___ GIVEN INFORMATION ___
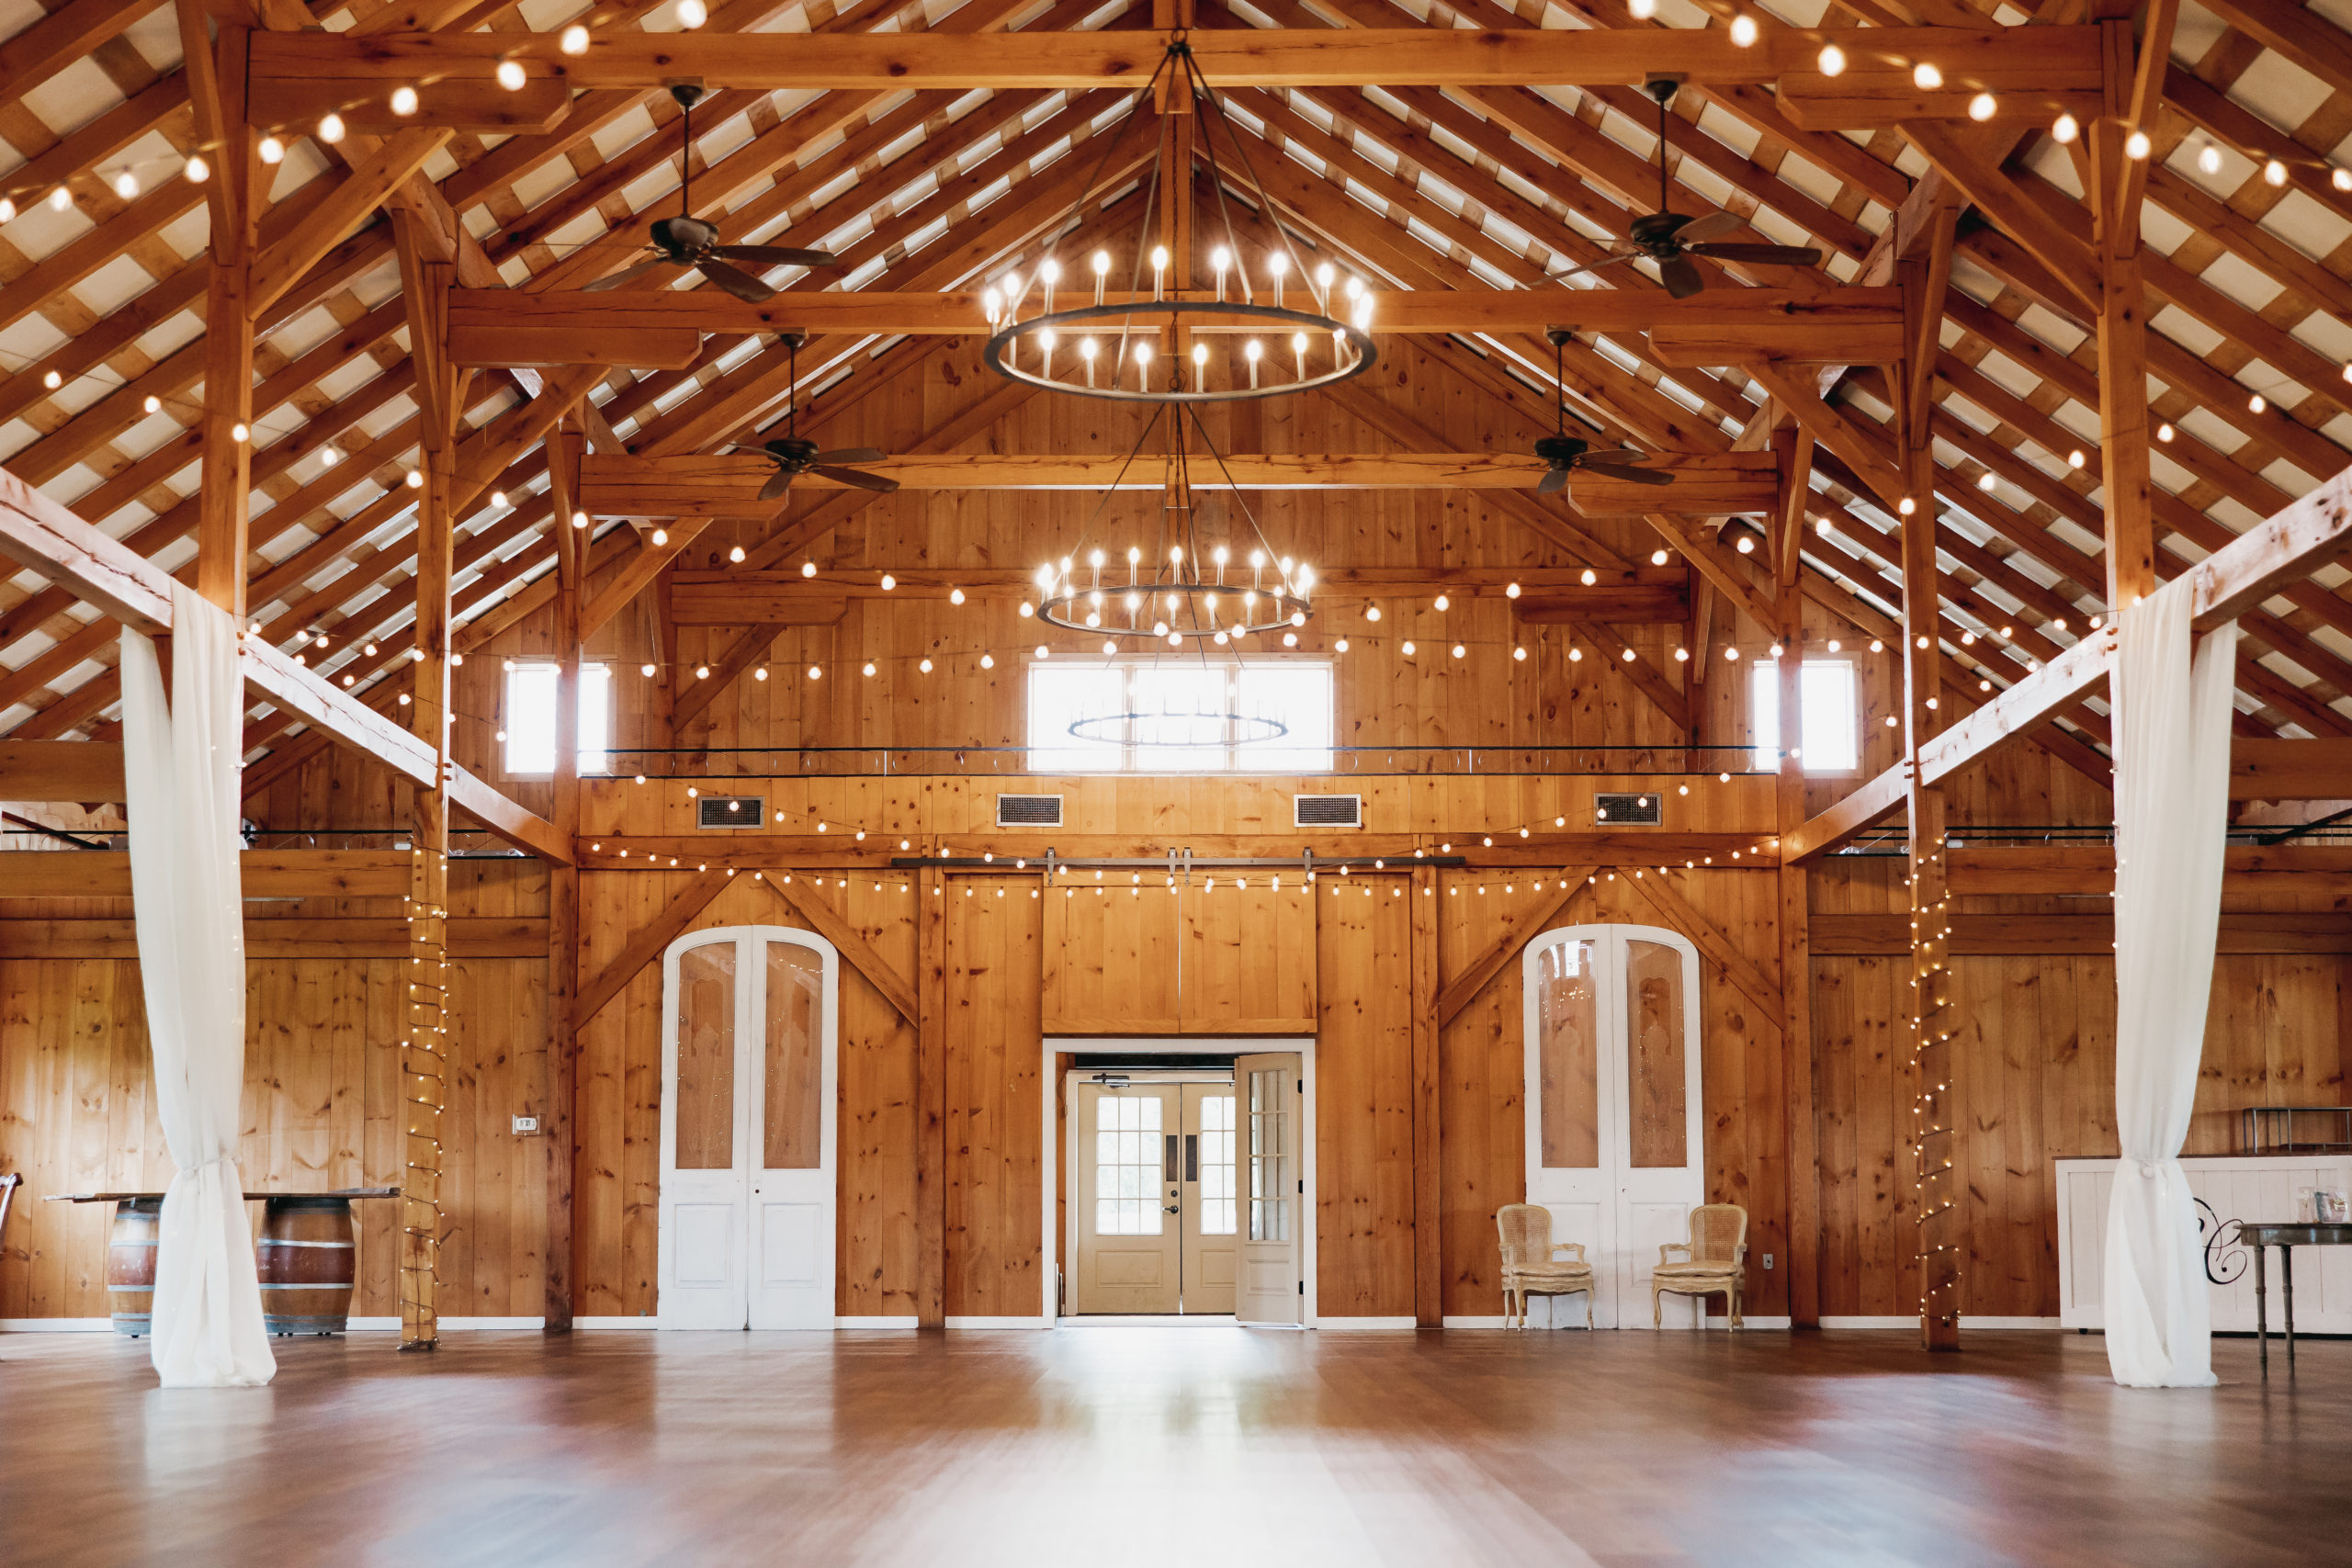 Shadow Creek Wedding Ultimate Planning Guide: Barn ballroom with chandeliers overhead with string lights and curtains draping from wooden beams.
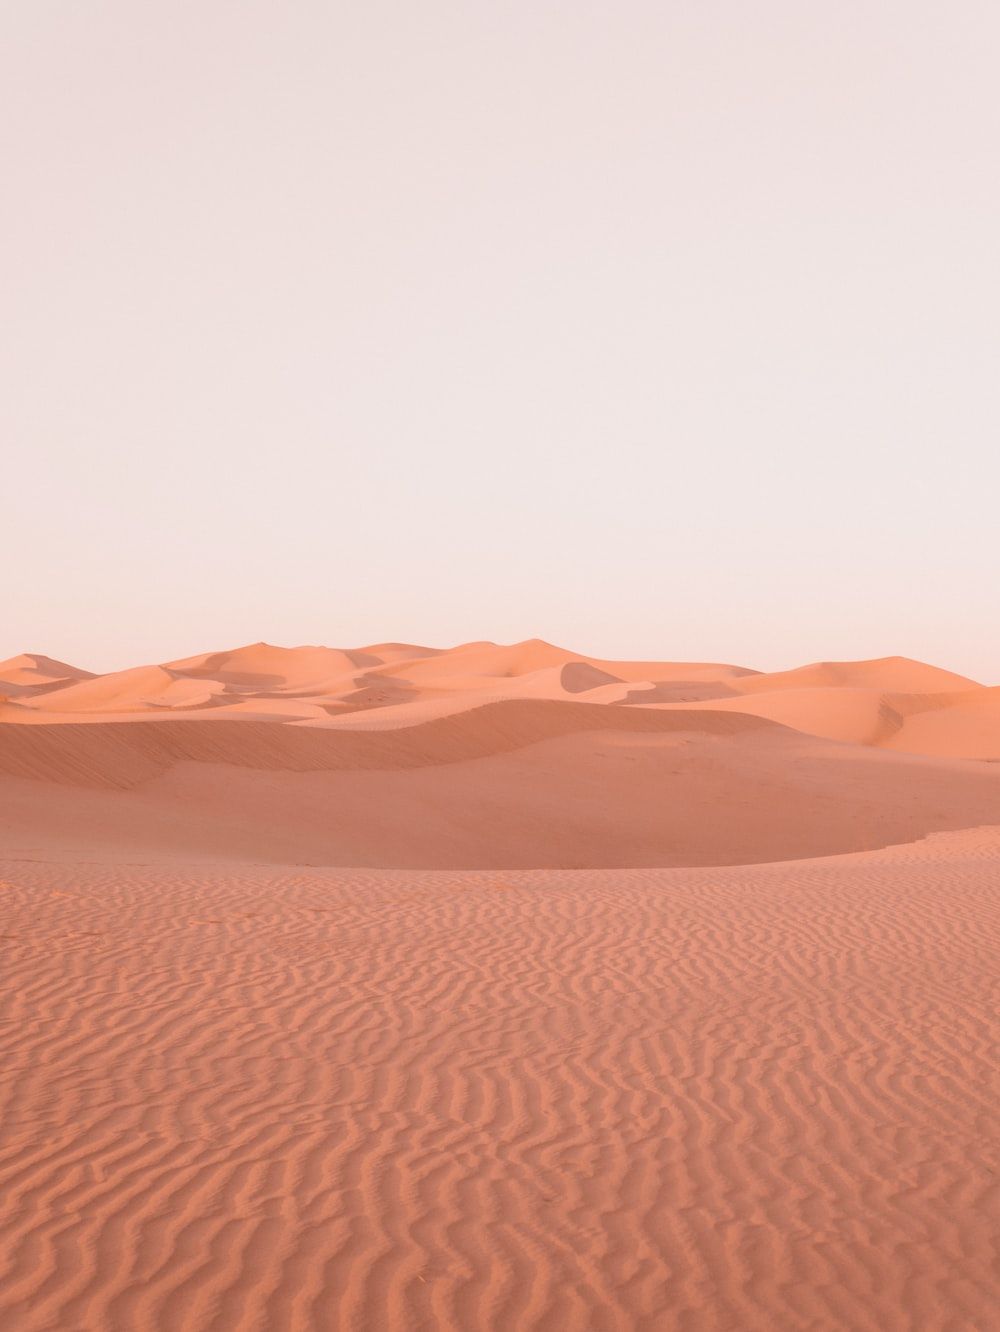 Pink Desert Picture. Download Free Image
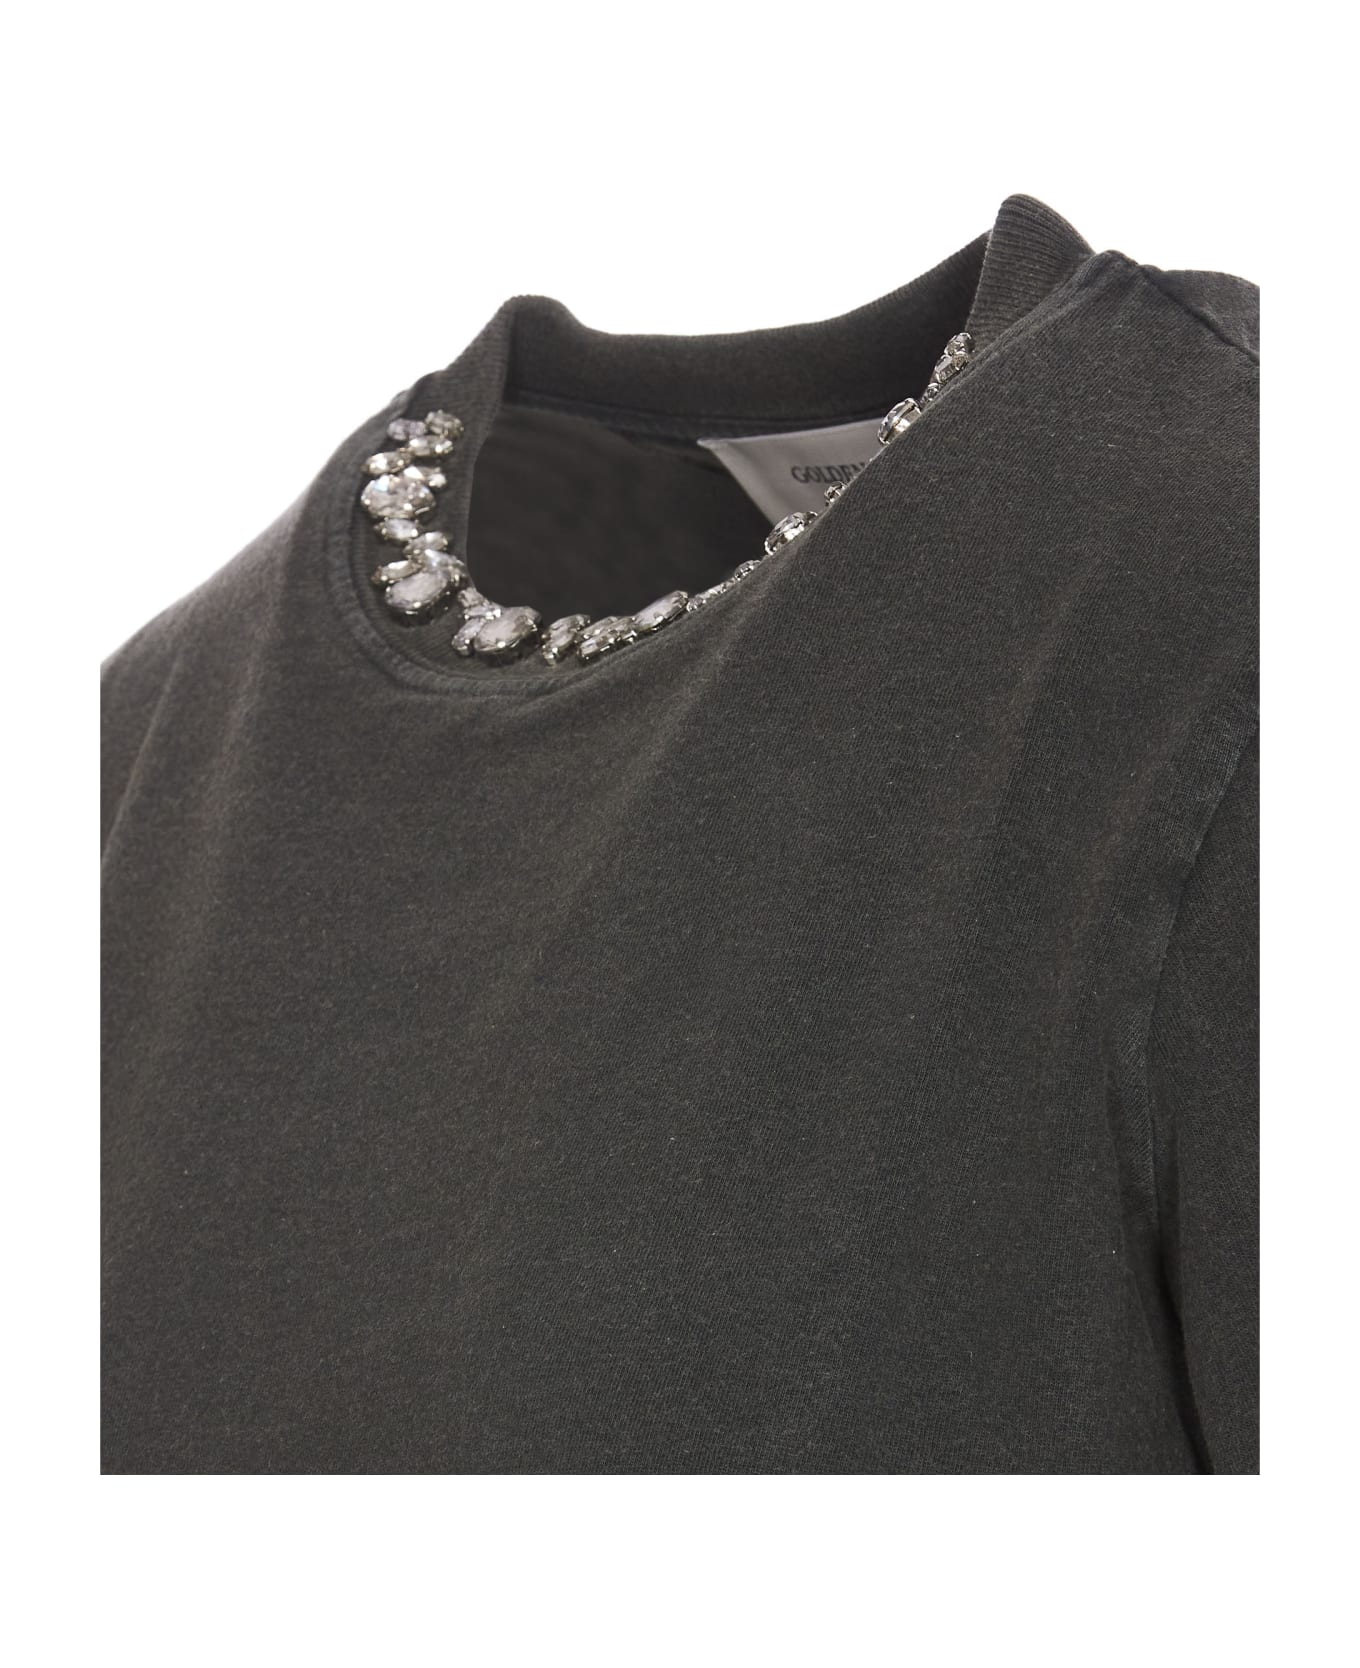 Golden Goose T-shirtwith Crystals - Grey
___
EXERCISE:
Copy out every line above, word for word, minus images.

RESPONSE FOR THIS EXERCISE:
 Shadow Creek Wedding Ultimate Planning Guide: Barn ballroom with chandeliers overhead with string lights and curtains draping from wooden beams.
 Pink Desert Picture. Download Free Image
 Golden Goose T-shirtwith Crystals - Grey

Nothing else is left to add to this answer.